#### REQUIRED ACTION
Reproduce the whole listing that follows, character for character, and drop the images.

#### INFORMATION PROVIDED
───
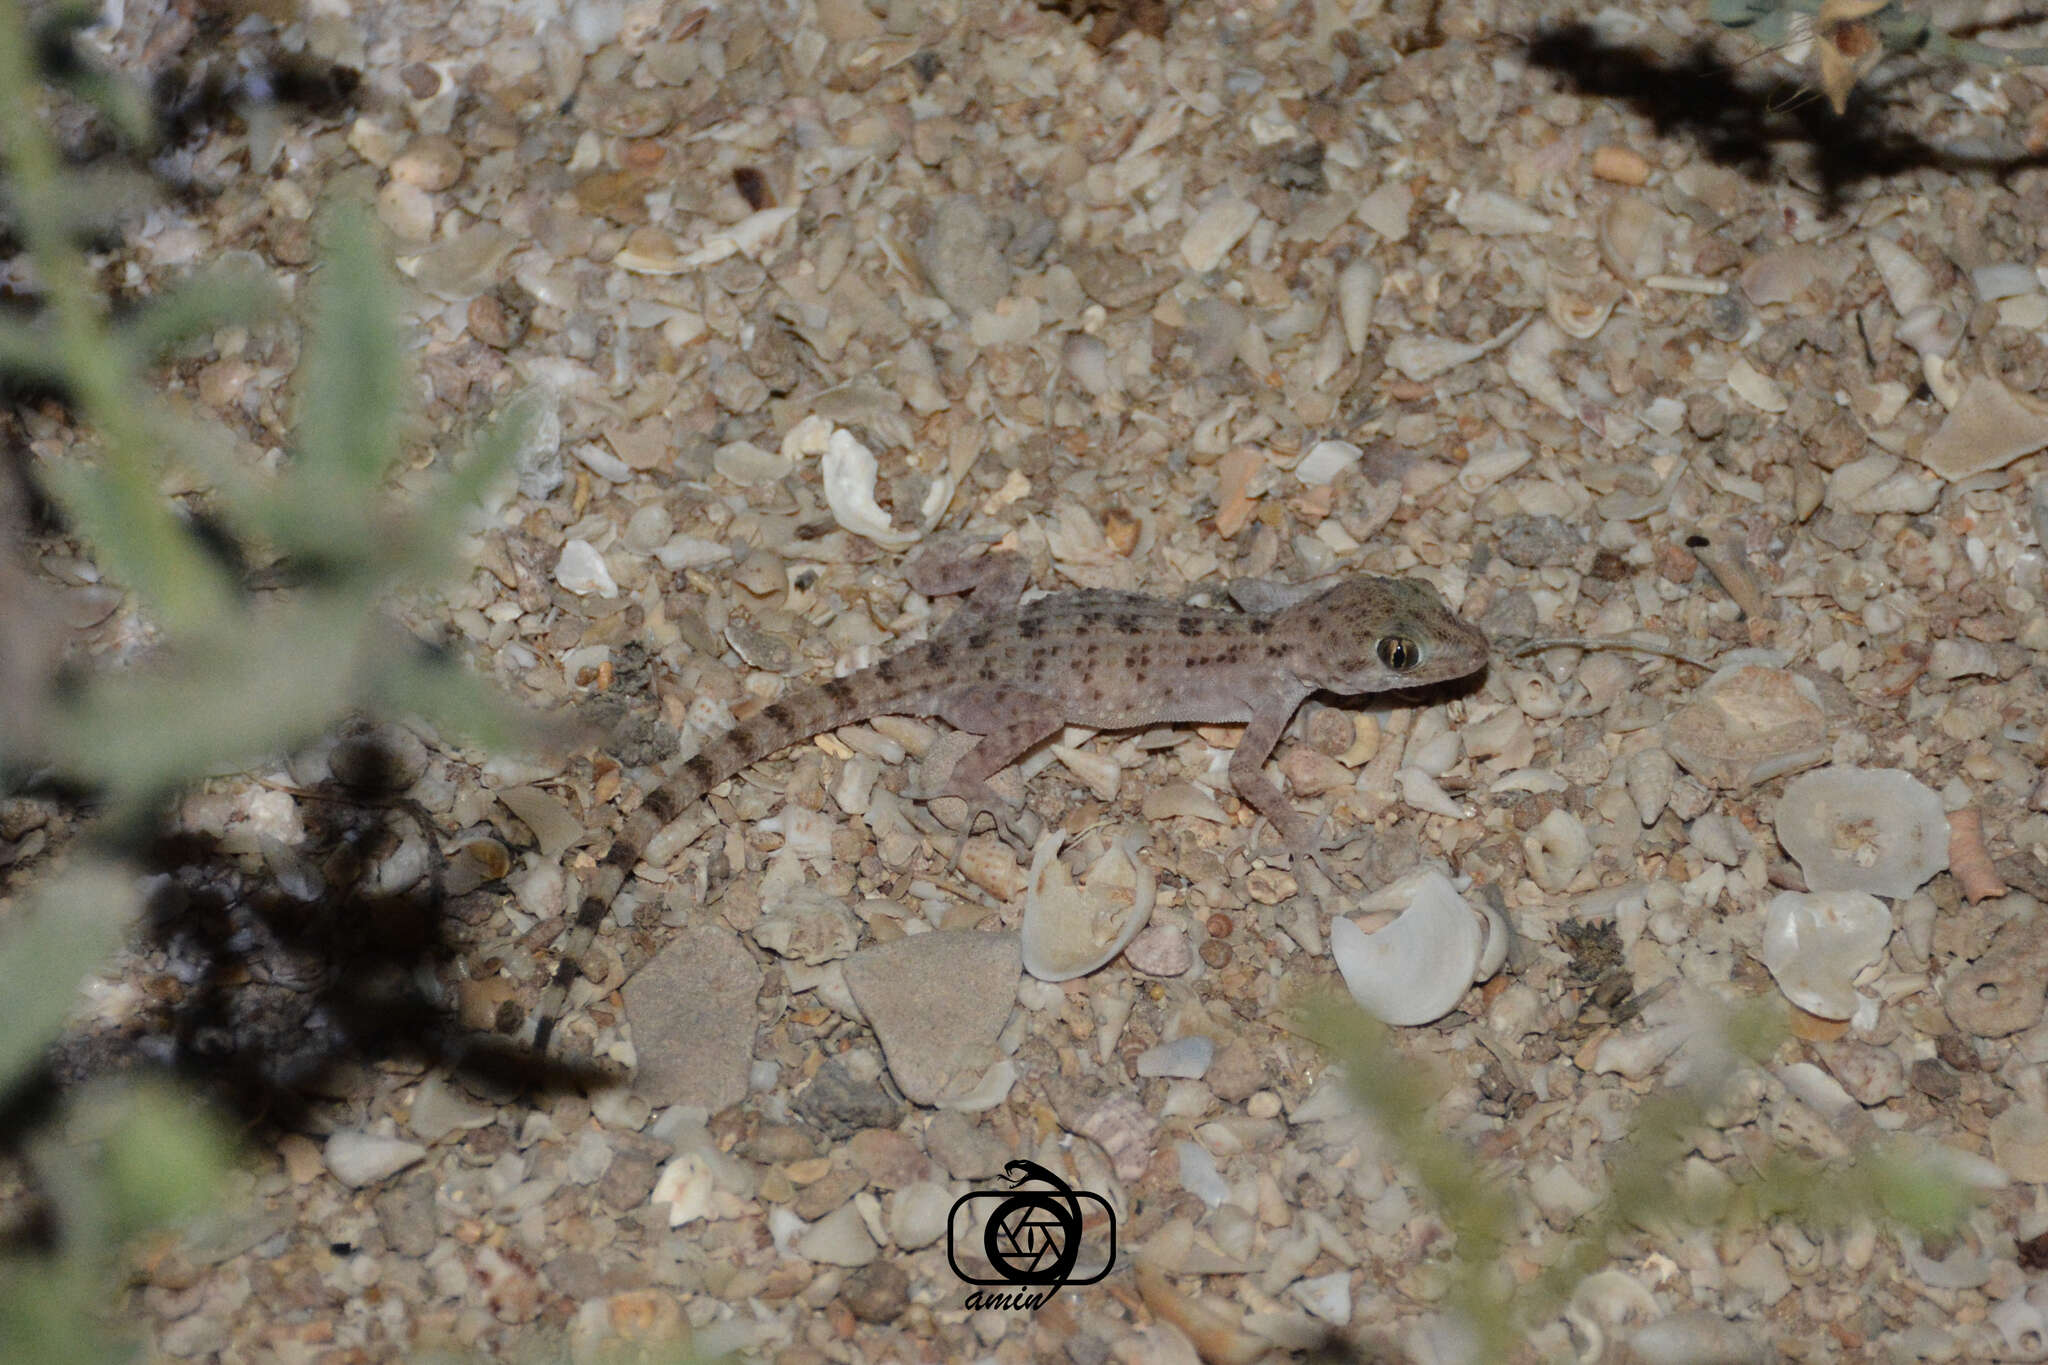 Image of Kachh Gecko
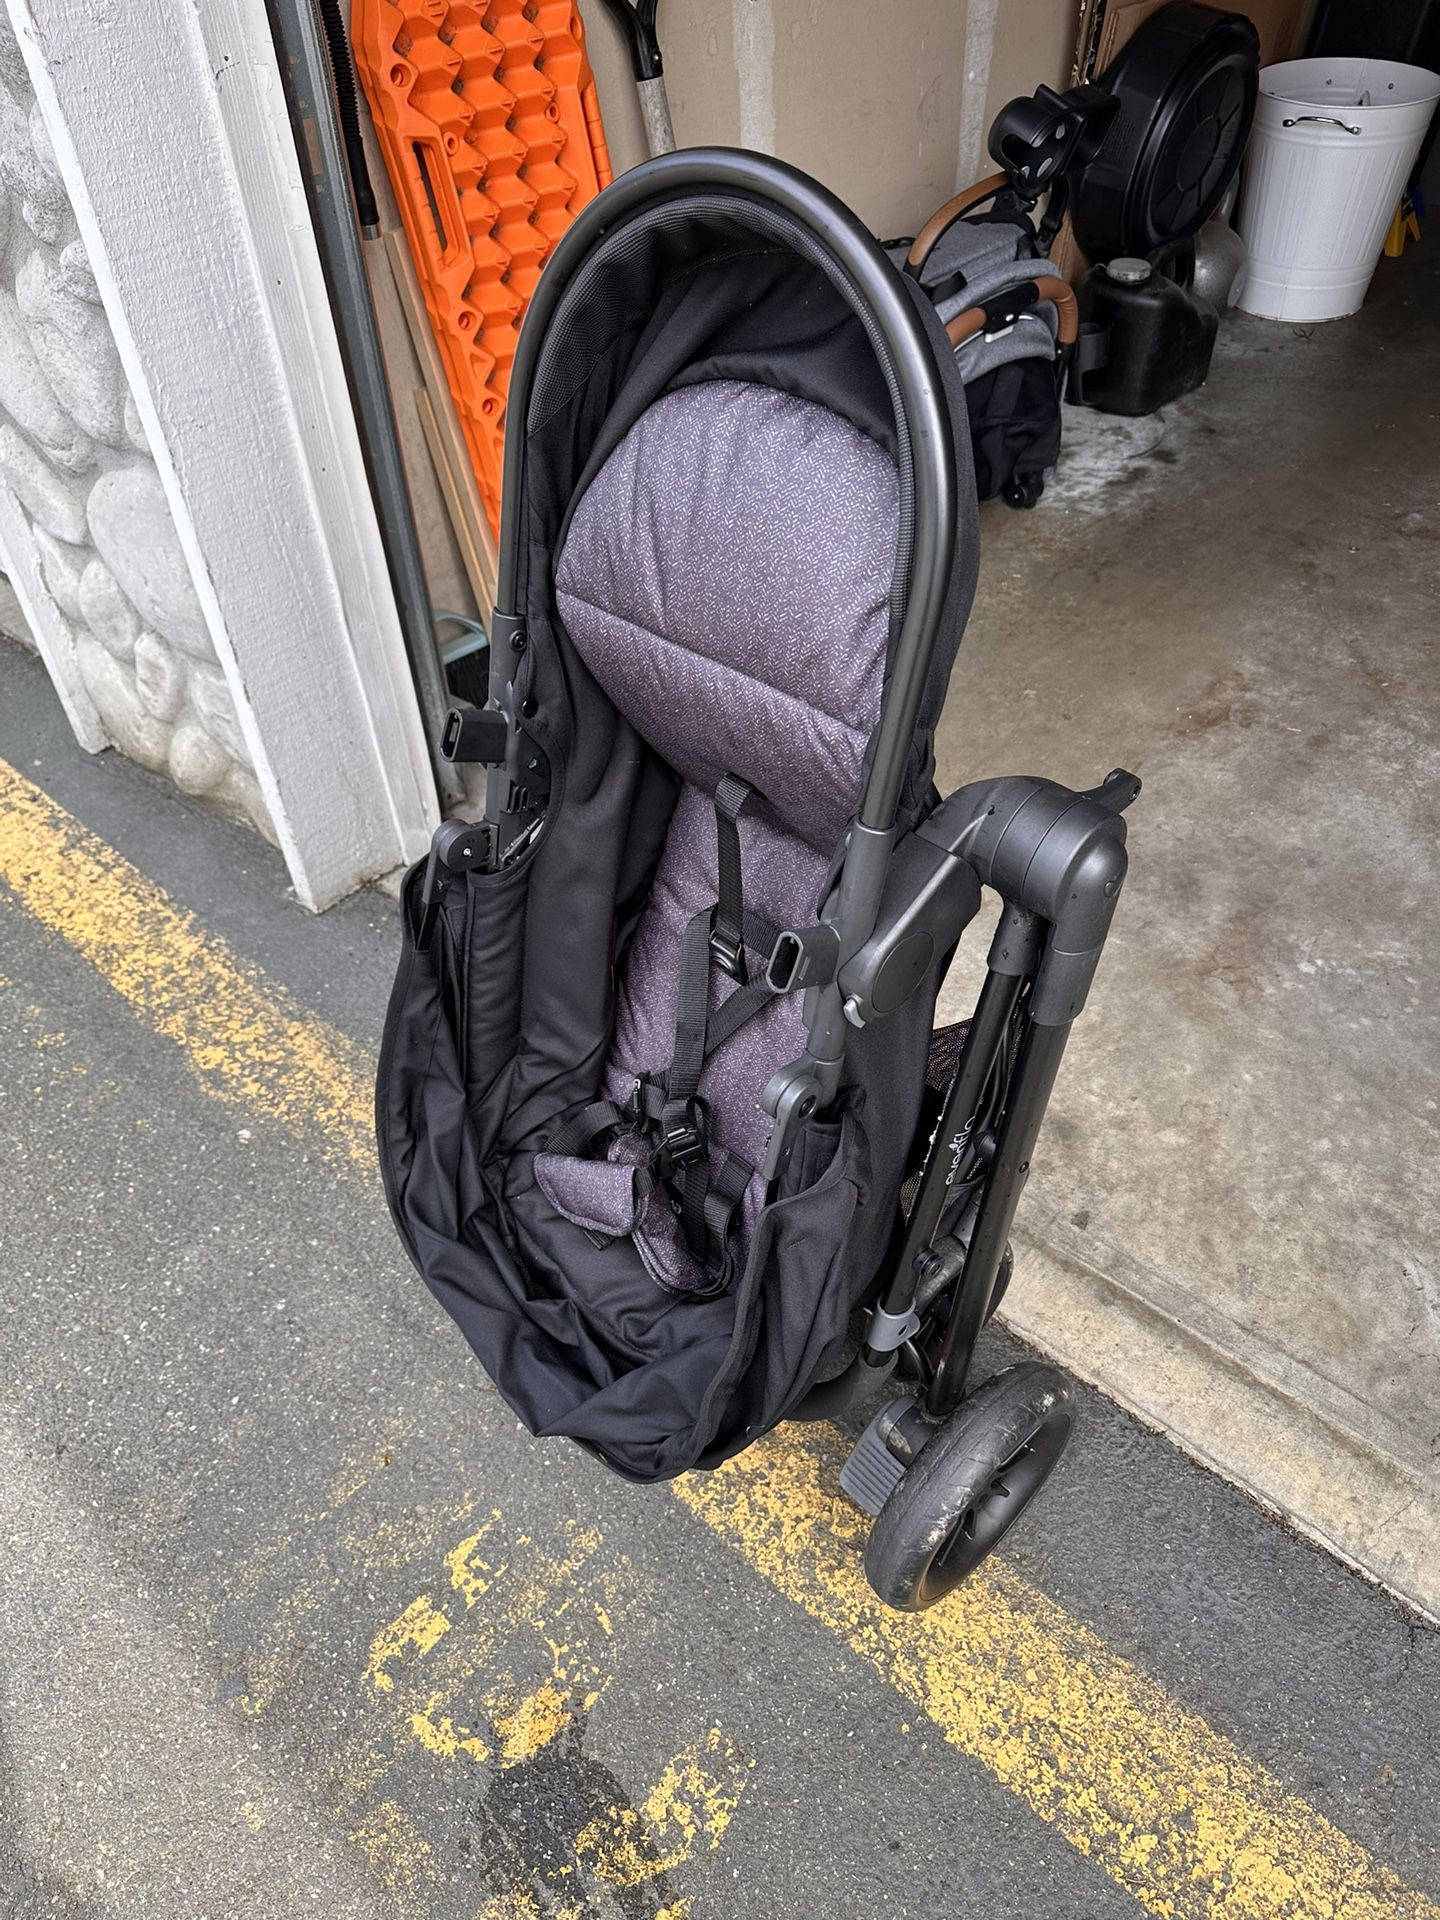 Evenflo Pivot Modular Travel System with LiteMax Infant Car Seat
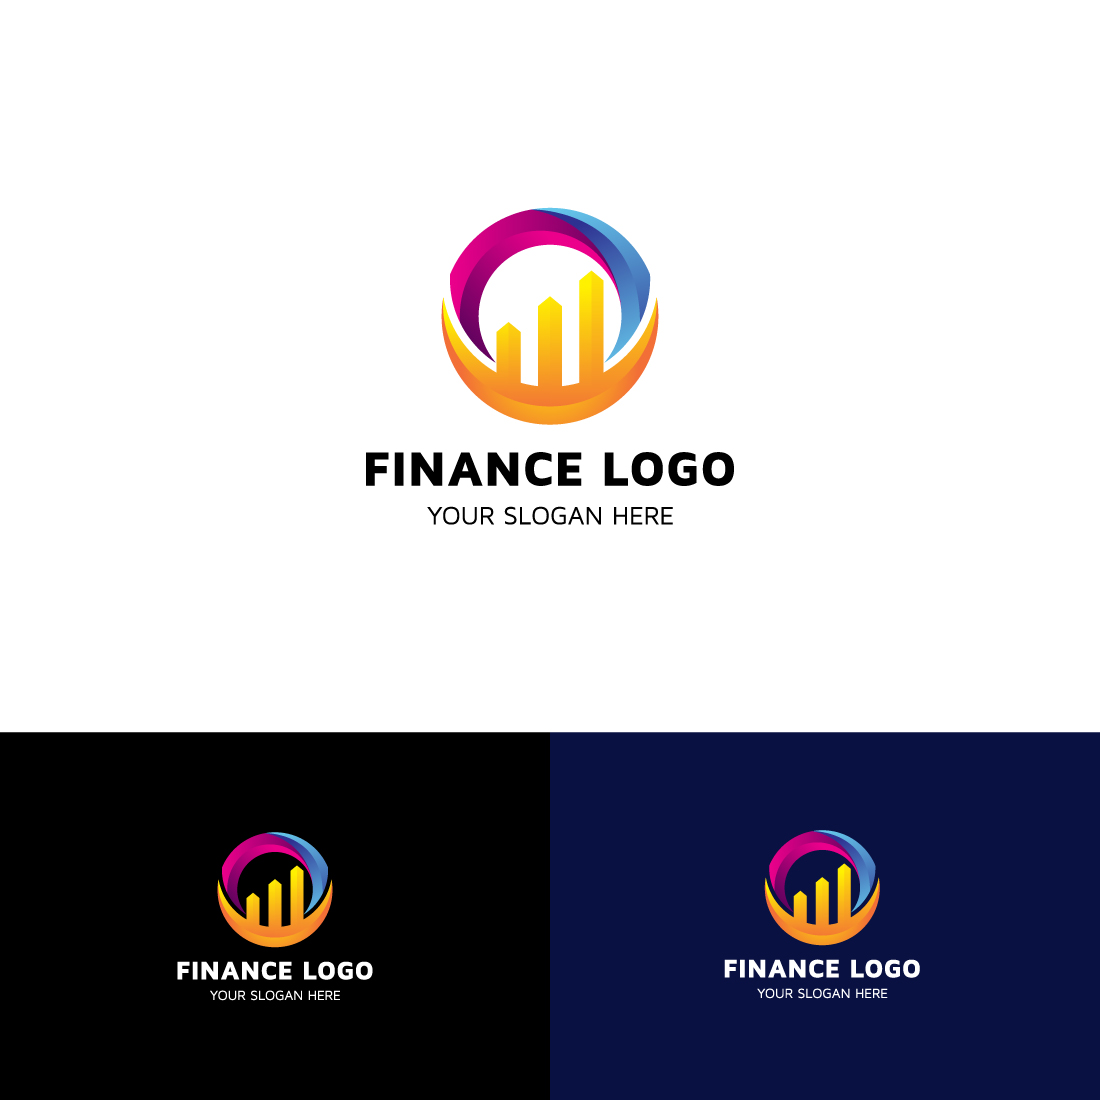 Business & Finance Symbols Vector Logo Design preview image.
───
#### YOUR RESPONSE
 Image of Kachh Gecko
 Evenflo Pivot Modular Travel System with LiteMax Infant Car Seat
 Business & Finance Symbols Vector Logo Design preview image.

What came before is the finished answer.